O Refis instituído pelo Projeto de Lei 53/2017, proposto por Paulo Hartung e aprovado na Assembleia Legislativa, inclui a anistia, além dos juros e das multas moratórias, também das multas punitivas nas hipóteses de pagamento à vista das obrigações tributárias vencidas, independentemente do valor do débito. Ou seja, as empresas poderão pagar futuramente o que sonegaram sem qualquer prejuízo: o valor do débito será o mesmo da época da evasão e gozará de imunidade em relação à incidência de juros e de quaisquer espécies de multas. Há que se assinalar ainda que tal diretriz, adotada pelo Programa de Renegociação proposto pelo Governador, colide frontalmente com orientação já pacificada pelo Superior Tribunal de Justiça, no sentido da impossibilidade de um ente federativo estender às multas punitivas a anistia prevista para as multas moratórias, exatamente para não se incentivar o inadimplemento tributário. Ancorado sobre esses fundamentos, o SINDIFISCAL-ES não deixará de tomar todas as providências judiciais cabíveis.
A concessão de mais um Refis, no mesmo mandato, fez transluzir a incoerência de Paulo Hartung: depois de se postar publicamente contra a renegociação das dívidas dos Estados junto à União, sob o argumento de que tal acordo insuflaria e incentivaria os inadimplementos, o Governador presenteia com tanta magnanimidade os sonegadores de tributos que prejudicam a arrecadação tributária no Espírito Santo. A austeridade intransigente oposta aos servidores públicos, estrangulados pelo ajuste fiscal seletivo imposto por Hartung, traveste-se da mais despudorada prodigalidade em favor de seus aliados políticos, privilegiados por fartos inventivos fiscais e generosas renegociações de débitos tributários.

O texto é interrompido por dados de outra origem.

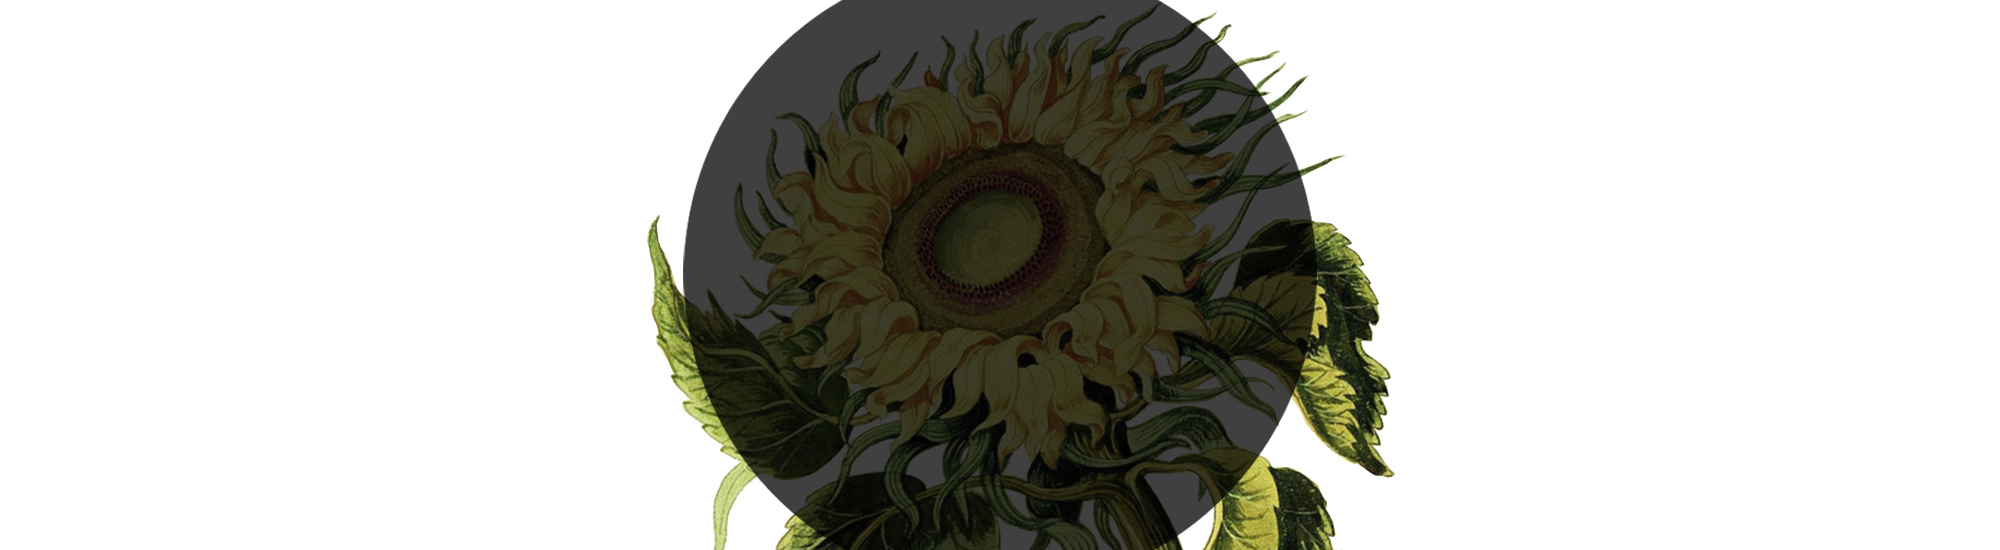 Незнайомий соняшник

O episódio tratou também de evidenciar, uma vez mais, a subserviência da Assembleia Legislativa a Paulo Hartung. A Casa, desde muito, tornou-se uma extensão orgânica do Palácio Anchieta, uma plataforma de legitimação dos interesses privatísticos que sistematicamente triunfam em terras capixabas. Essa promiscuidade entre os Poderes, flagelo da democracia e do republicanismo em nosso estado, é sintoma da ampliação desmedida dos cinturões de poder de Paulo Hartung. A aprovação do Refis e a genuflexão da Assembleia Legislativa representam mais uma derrota da sociedade capixaba. Fortalece-se o Governador e celebram o afago os sonegadores beneficiados. Mas 2018 se aproxima e os amigos do rei terão sua oportunidade de retribuir à altura: serão os mecenas dos voos mais altos que o Paulo Hartung pretende alçar.